When you use our website or mobile site, the following categories of cookies may be set on your device:

‘Strictly Necessary' Cookies
These cookies are essential because they help you to move around our websites and use features such as the Subscriptions page. Without these cookies the website simply would not work properly. These cookies do not gather information about you.

Functional Cookies
These cookies allow websites to remember choices you make (such as your user name and language preferences). They allow us to provide you with enhanced and more personal features. The information these cookies collect will not allow us to identify you personally.

Analytics Cookies
In order to keep our website and mobile site relevant, easy to use and up-to-date, we use web analytics services such as Google Analytics to help us understand how people use them. For example, we can see which parts of our websites are most popular and make sure we are constantly updating and improving our content. The information we collect is anonymous and only used for statistical purposes.

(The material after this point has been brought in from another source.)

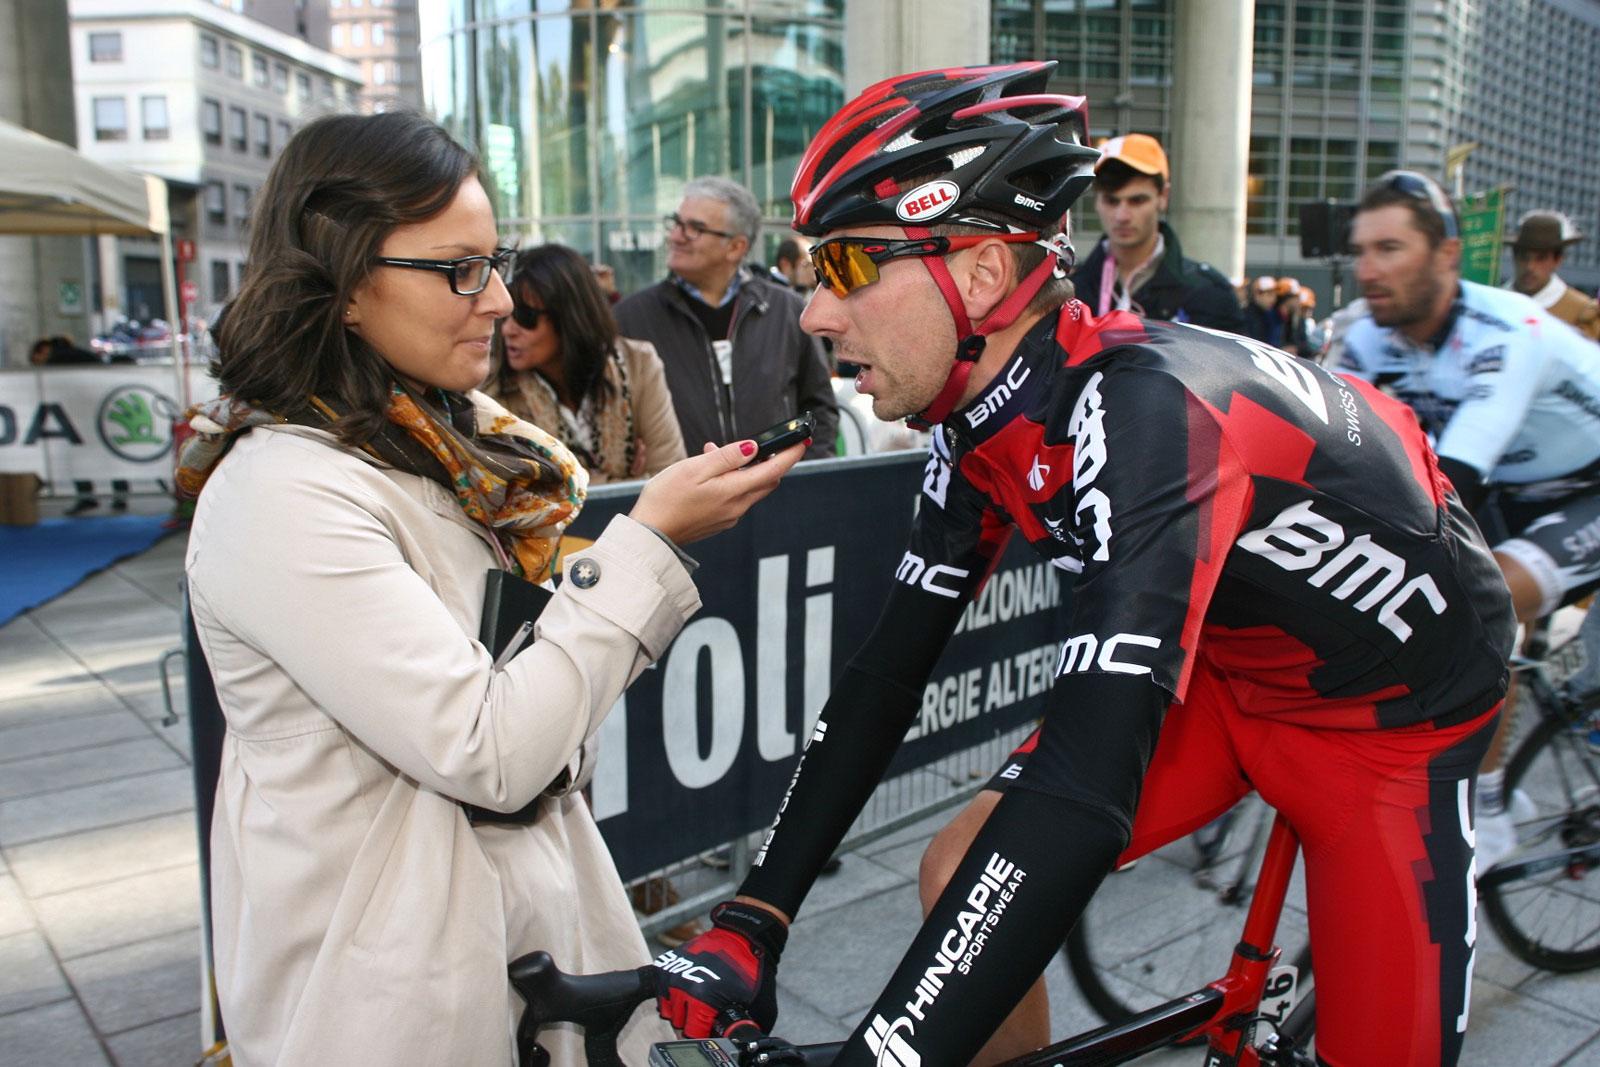 Giulia De Maio Ivan Santaromita Lombardia ciclismo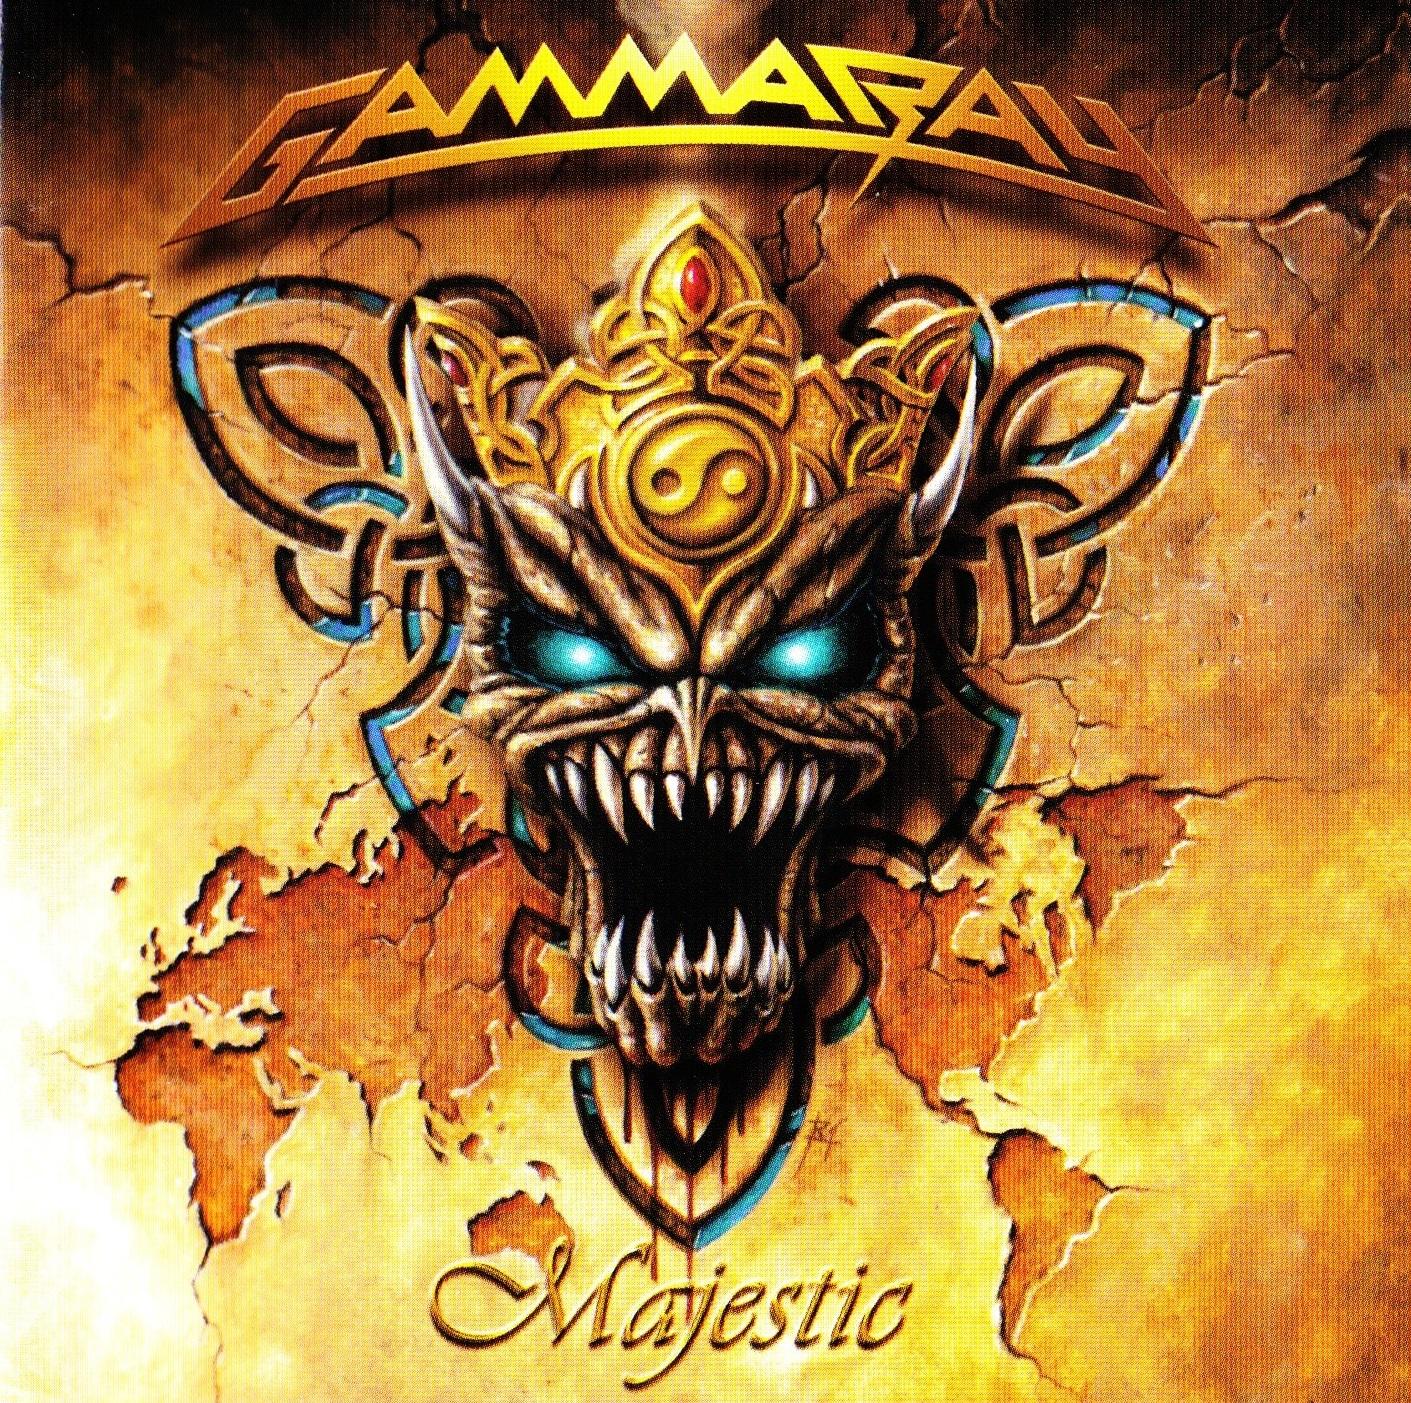 Gamma Ray — Majestic (2005)

Embedded Content and Third Party Cookies
To help us deliver the best possible content, we sometimes use third party tools to embed photos and video content from websites such as YouTube, Facebook and Instagram. As a result, when you visit a page containing such content, you may be presented with cookies from these websites. We do not control the use of these cookies and cannot access them. You should check the third party websites for more information about these cookies.

Across our websites and mobile site you will also see embedded ‘share’ buttons. These enable you to easily share content with friends through a number of popular social networks. When you click on one of these buttons, a cookie may be set by the service you have chosen to share content through. Again, the MCA does not control these cookies and cannot access them.


Whenever you use our website and mobile site, information may be collected through the use of cookies and similar technologies.

We don’t sell the information collected by cookies, nor do we disclose the information to third parties, except where required by law (for example to government bodies and law enforcement agencies).

By using our website and mobile site you agree to our use of cookies as described in this Cookie Policy.